I'm attempting to extract URLS and/or CDATA from XML. The current solution I have works well, but only returns the first element. How do I return multiple elements with this specfic regex?

The XML is in the form of:

<MediaFile>
https://some_url.com/file.mp4
</MediaFile>
<MediaFile>
https://some_url2.com/file.mp4
</MediaFile>

and

<MediaFile>
<!CDATA some data here with spaces sometimes>
</MediaFile>
...etc

What I'm trying to achieve

In my example, there are 3 mediafile tags and I'm trying to extract 3 different URLS and CDATA. The final solution should look something like

1st url https://example1.com/file.mp4
2nd url https://example2.com/file.mp4
3rd url <!CDATA some data example>

What I've tried:

link to regex101

const data = `<MediaFile delivery="progressive" width="640" height="360" type="video/mp4" bitrate="397" scalable="false" maintainAspectRatio="false">https://example1.com/file.mp4</MediaFile><MediaFile delivery="progressive" width="1024" height="576" type="video/mp4" bitrate="1280" scalable="false" maintainAspectRatio="false">https://example2.com/file.mp4</MediaFile><MediaFile delivery="progressive" width="1024" height="576" type="video/mp4" bitrate="1280" scalable="false" maintainAspectRatio="false"><!CDATA some data example></MediaFile>`;

const regex = /<MediaFile[^>]*type="video\/mp4"[^>]*>([\s\S]*?)<\/MediaFile>/gm;

const res = regex.exec(data);

console.log('1st url', res[1]);
console.log('2nd url', res[2]);
console.log('3rd url', res[3]);

3
  • Possible duplicate of How can I match multiple occurrences with a regex in JavaScript similar to PHP's preg_match_all()?
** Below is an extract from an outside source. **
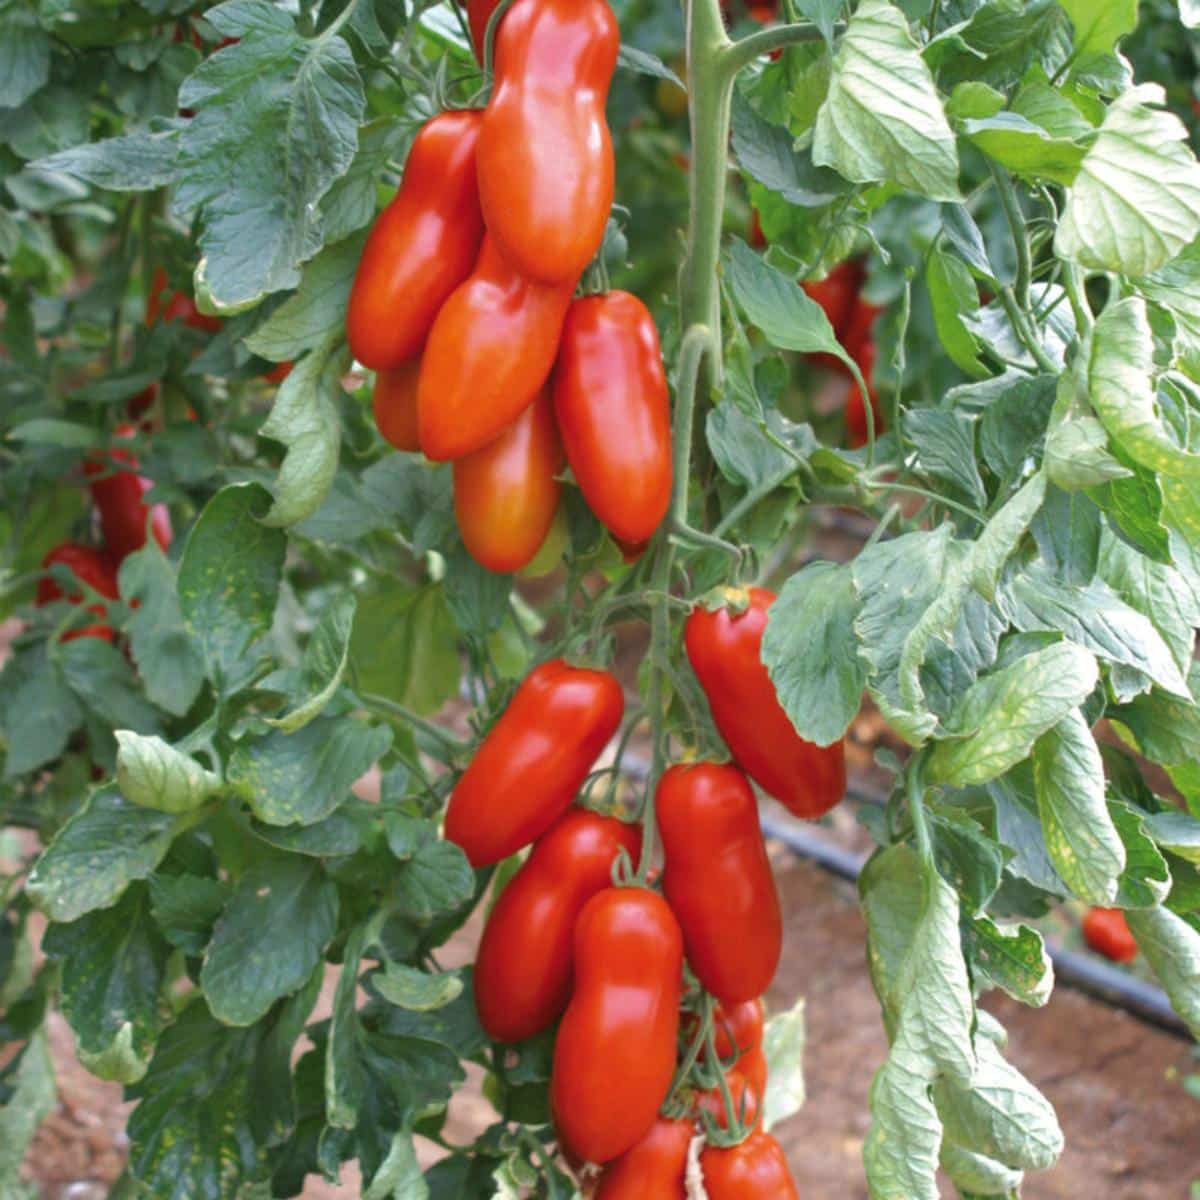 Pozzano tomatoes

Commented Sep 20, 2019 at 13:54
  • It is not possible reliably parse XML with a regular expression. It's the wrong tool for this job. Why not use an XML parser and save yourself a headache? Commented Sep 20, 2019 at 13:57
  • @spender xml parser doesn't work for that specific kind of xml. As these are external XMLs I have no control on what kind of XML I'll get. Commented Sep 20, 2019 at 14:30

2 Answers 2

1

It is probably better, not to use regular expressions, but the method document.querySelectorAll() to parse it instead:

const data = `<MediaFile delivery="progressive" width="640" height="360" type="video/mp4" bitrate="397" scalable="false" maintainAspectRatio="false">https://example1.com/file.mp4</MediaFile><MediaFile delivery="progressive" width="1024" height="576" type="video/mp4" bitrate="1280" scalable="false" maintainAspectRatio="false">https://example2.com/file.mp4</MediaFile><MediaFile delivery="progressive" width="1024" height="576" type="video/mp4" bitrate="1280" scalable="false" maintainAspectRatio="false"><!CDATA some data example></MediaFile>`;

var o=document.createElement('div');o.innerHTML=data.replace(/<!CDATA/g,'!CDATA');
var arr=Array.from(o.querySelectorAll('MediaFile'))
             .map(el=>el.innerHTML.replace('!CDATA','<!CDATA')
                                  .replace('&gt;','>'))

console.log(arr.join('\n'));

With a little "extra effort" you can mask the <!CDATA ... > sections with a replace() before creating the DOM element and later replace it "back" into its intended form by applying .replace('!CDATA','<!CDATA').replace('&gt;','>' on the .innerHTML-strings of the MediaFile elements.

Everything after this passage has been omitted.